When the above processing method is applied to the whole image area, global attributes are gathered through the memristor array, and reflected in terms of the memristor array resistance. Figure 4e–g is 3 examples taken from daytime and evening, together with their corresponding differential neuromorphic computing results; the fast-running pedestrian is accurately captured, and afterimages are generated, implying the orientation. Observing the whole image, the memristor state information, even in a single frame, not only distinctly emphasizes rapid changes but also maintains historical change information (Fig. S25). These capabilities provide cleaner and more actionable data for further high-level processing, such as deducing the direction of movement through afterimages, predicting future locations, and other decision-making processes crucial for navigating dynamic environments.

In free-driving experiments, we collected over 100 h of video data in various lighting and weather conditions, as conceptually shown in the middle part of Fig. 5. Ten representative scenarios containing important decision-making associated information for autonomous driving, such as taillight, nearby cars and lane lines, are given as examples in Fig. 5. From the differential neurocomputing processed results, it is clear that the information is successfully retrieved. We then further invite 10 senior drivers to locate dangerous objects they believe are important to safe driving in 10 short videos containing the 10 images given in Fig. 5. Their results are offered as the yellow regions in the processed results, and we can learn that human decisions overlap with the proposed method. For all 10 videos, the overlap rate is more than 94%. The difference arises from the process of important information labeling. The judgment criterion of manual labeling, based on senior drivers’ driving/riding experience, tends to prioritize targets (such as pedestrians and cars) that are likely to cause traffic accidents. In contrast, the criterion of our memristor-assisted visual perception method is based on objective motion situation, which is of greater significance for timely decision-making, assigning relatively stationary or slow-moving objects low priority on current driving. Therefore, when both empirical and objective moving targets are present, a person tends to label empirical targets. However, at times, such as when driving with a vehicle traveling at a relatively close speed nearby, the road marking line is more important and can reflect the yawing condition of driving (Fig. 5b). In most cases the empirical and objective moving targets are the same object, but there are exceptions such as in Fig. 5h, leading to a 6% bias in the detection results. The detailed working performance can be found in Fig. S13 to S19.

Fig. 5: Generalization capability of visual differentiation processing method in unstructured environments.
figure 5

a Pedestrian detection. b Road signs detection. c Overtaking detection. d Front vehicle detection. e Shadow detection. f Taillight detection. g Reflective objects detection. h Warning light detection. i Special marking recognition. j Strong light detection at night.

Compared with dynamic vision camera, our memristor-assisted approach faces the inherent limitations of frame-based image processing, such as a reduced performance under low-light conditions and a narrower dynamic range, while offering the ability to directly generate afterimages that contain crucial temporal information, thanks to the local processing implemented via the memristor-based architecture (Supplementary Discussion 14).
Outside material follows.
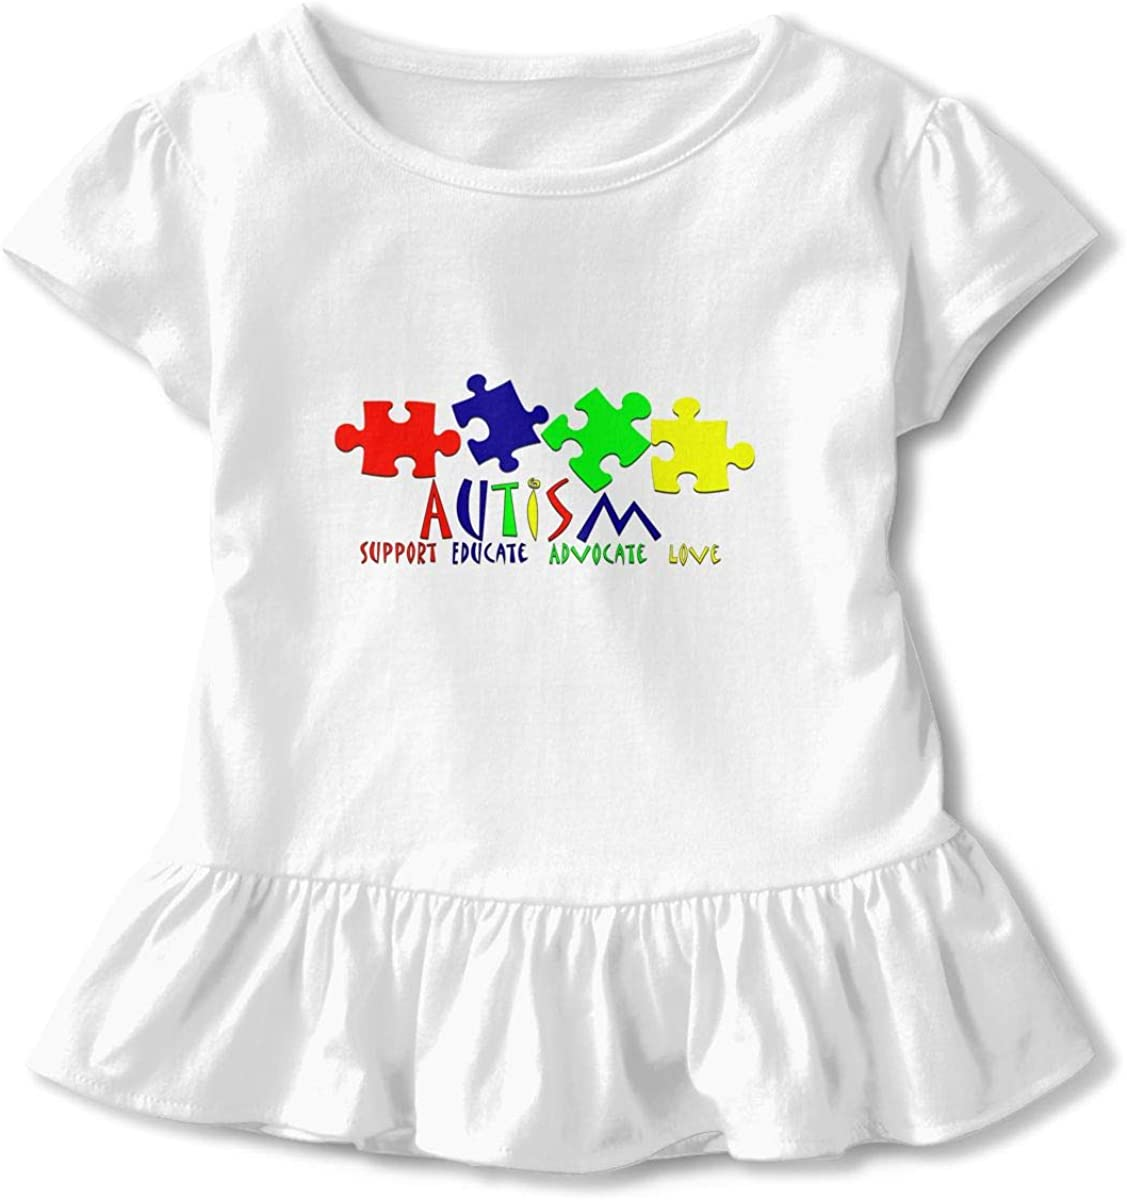 Autism Love Toddler//Infant Girls Short Sleeve Ruffles Shirt T-Shirt for 2-6T

In this study, we propose a memristor-assisted perception method that exploits both the synapse-like characteristics of memristors, and a bio-inspired workflow design enabling robotics to effectively adapt and operate in unstructured environments. This innovative approach utilizes key insights derived from biological analogies to enhance the adaptability and dexterity of neuromorphic computing. Compared to conventional technologies, this memristor-assisted method exhibits higher adaptability and efficiency. However, there are some limitations that need to be addressed for practical real-world application.
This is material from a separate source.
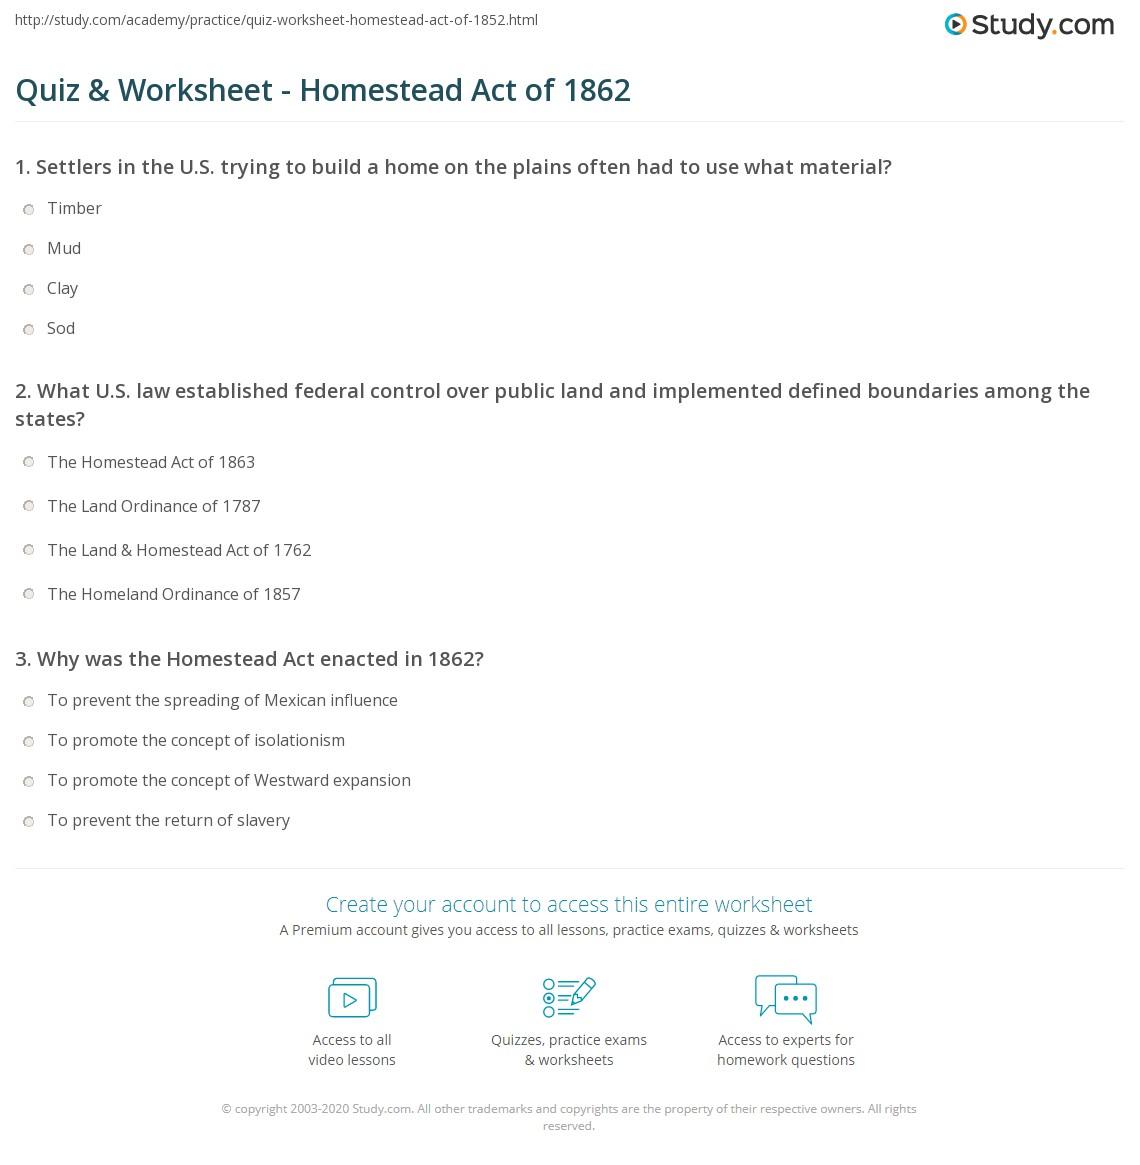 Quiz & Worksheet - Homestead Act of 1862 | Study com

Key insights from biological analogies

Biological perception benefits from the synergy among various receptors and sensory neurons. For example, different types of tactile mechanoreceptors and their corresponding neurons enable the processing of a wide range of pressure stimuli, each with unique characteristics. In the memristive implementation, the above complex synergy process is folded into two computational phases: feature extraction and the processing of corresponding voltage stimuli based on the identified features using memristors. Specifically, our method employs the nonlinear state space of the memristor alongside an adaptive memristive modulation scheme that adjusts its electrical characteristics based on specific features of sensory stimuli. This design enables a memristor to acquire a multifaceted understanding of the surroundings, exploiting the full computational potential of memristors. The memristor state serves as a nexus for integrating historical stimulus data and current sensory data; this state not only adjusts to evolving environmental conditions to provide neuromorphic style adaptation but also offers valuable references in decision-making. Through mimicking biological perception mechanisms, the proposed method of use of a memristive device for neuromorphic processing is more general and versatile than currently known uses of memristors in literature. The detailed comparison can be found in Supplementary Table 3.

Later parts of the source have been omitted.